Linardos / SalEMA

Simple vs complex temporal recurrences for video saliency prediction (BMVC 2019)
https://imatge-upc.github.io/SalEMA/
25 stars 11 forks source link

Training on custom dataset #2

Closed saivineethkumar closed 4 years ago

saivineethkumar commented 5 years ago

@Linardos Hi, I want to train the model on a custom dataset, can you describe the steps involved and details like the structure and format of the training input and annotation data, the training parameters you used for the training etc.

thank you.

Linardos commented 5 years ago

If the folder structure is up to you, I'd suggest you follow the same one as DHF1K does. That way you can use the same data loader and it will be much more straightforward. In summary: There should be two superfolders a "frames" and a "maps" so that in one you have the folders of frames for each video and in the other folders of saliency maps. So each video is a numbered folder (1-700) then each folder contains numbered frames (0001.png, 0002.png etc). So: frames - > 1 - > 0001.png, 0002.png maps - > 1 - > 0001.png, 0002.png etc You might want to check DHF1K in case I'm missing something: https://github.com/wenguanwang/DHF1K

After that you just have to set your dataset=DHF1K or dataset=other (I think the only difference between these two is that "other" does not require you to number the folders)

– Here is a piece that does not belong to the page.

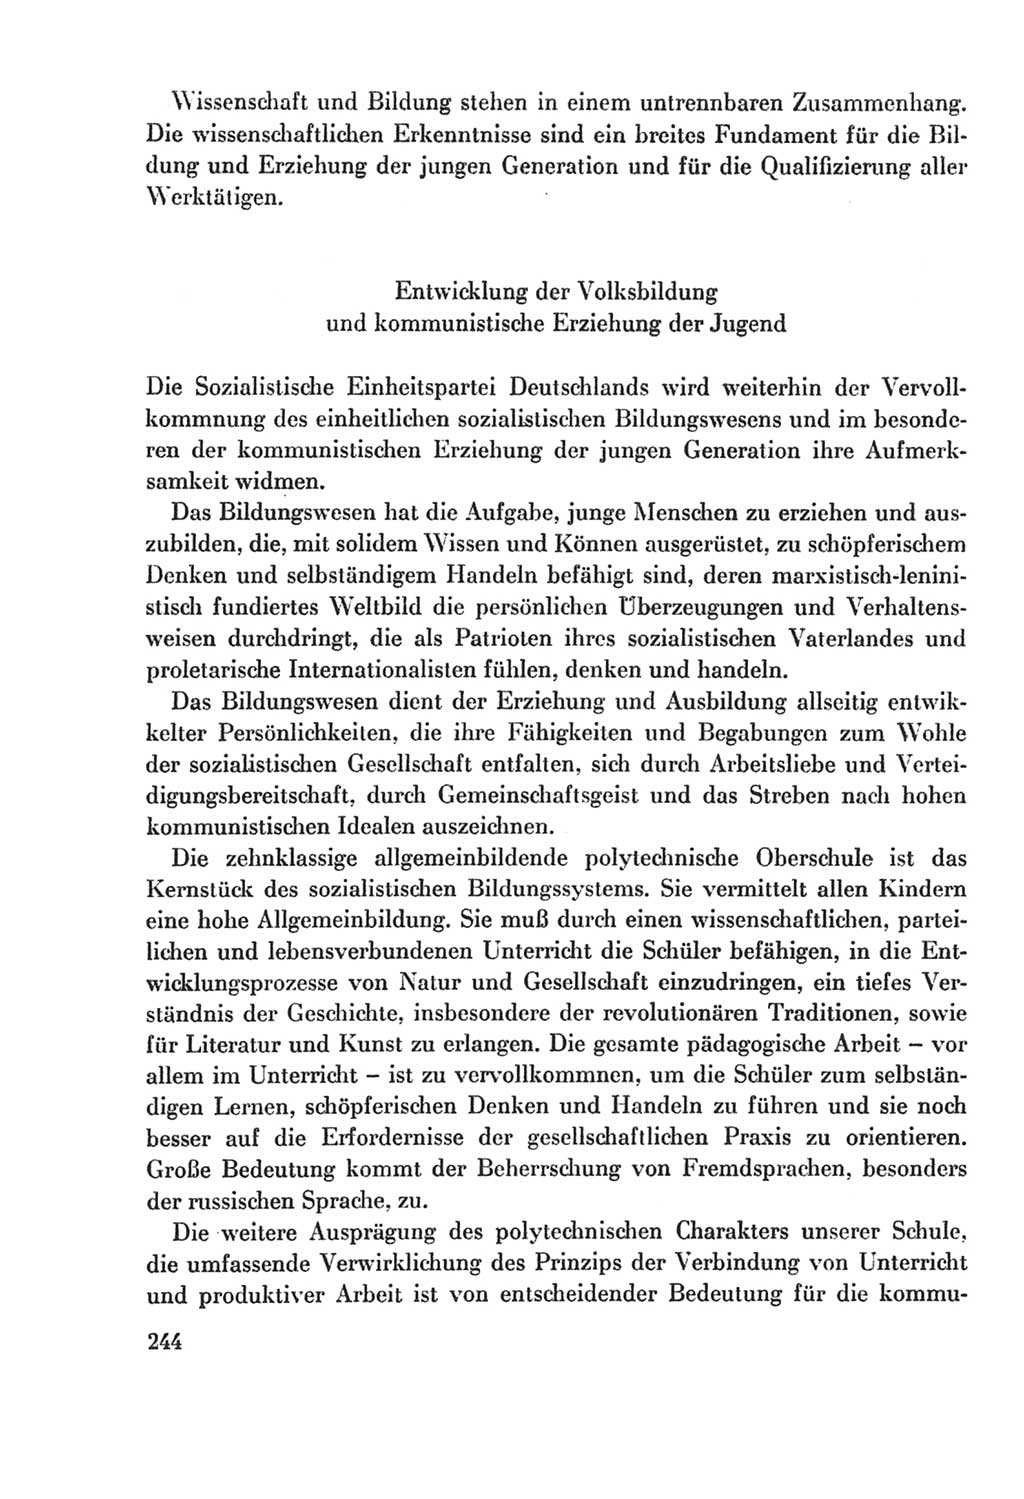 Protokoll der Verhandlungen des Ⅸ. Parteitages der Sozialistischen Einheitspartei Deutschlands (SED) [Deutsche Demokratische Republik (DDR)] 1976, Band 2, Seite 244 (Prot. Verh. Ⅸ. PT SED DDR 1976, Bd. 2, S. 244)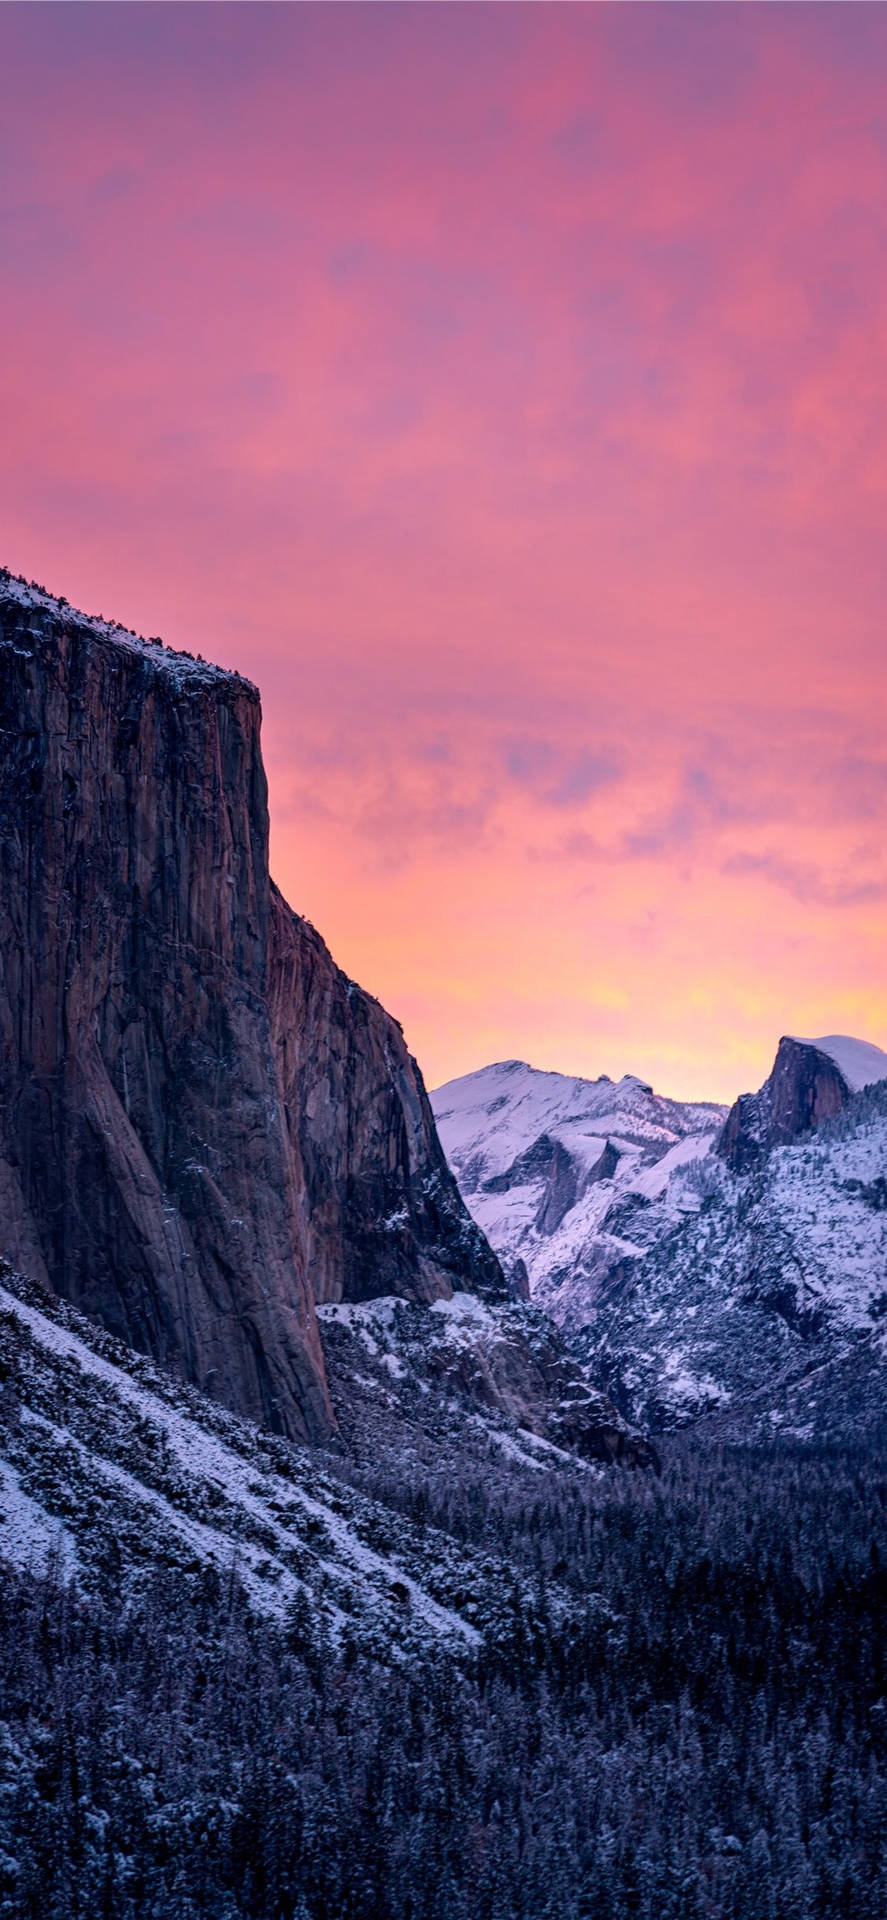 Nyd smukke udsigter fra Yosemite National Park på din Iphone. Wallpaper

As for the training hyperparameters: frame_size = (192, 256) learning_rate = 0.000001 decay_rate = 0.1 momentum = 0.9 weight_decay = 1e-4 clip_length = 10 epochs = 7 batch_size = 1

With regards to the alpha, we found that it is feasible to make it a parameter and achieves just as good performance as fine tuning it as a hyperparameter, saving you the trouble. Note that it has to be trained with a much higher learning rate (lr=0.1 in this case). Just input alpha=None and alpha will be learned like that. However, the pretrained model which was uploaded on github had alpha set to 0.1.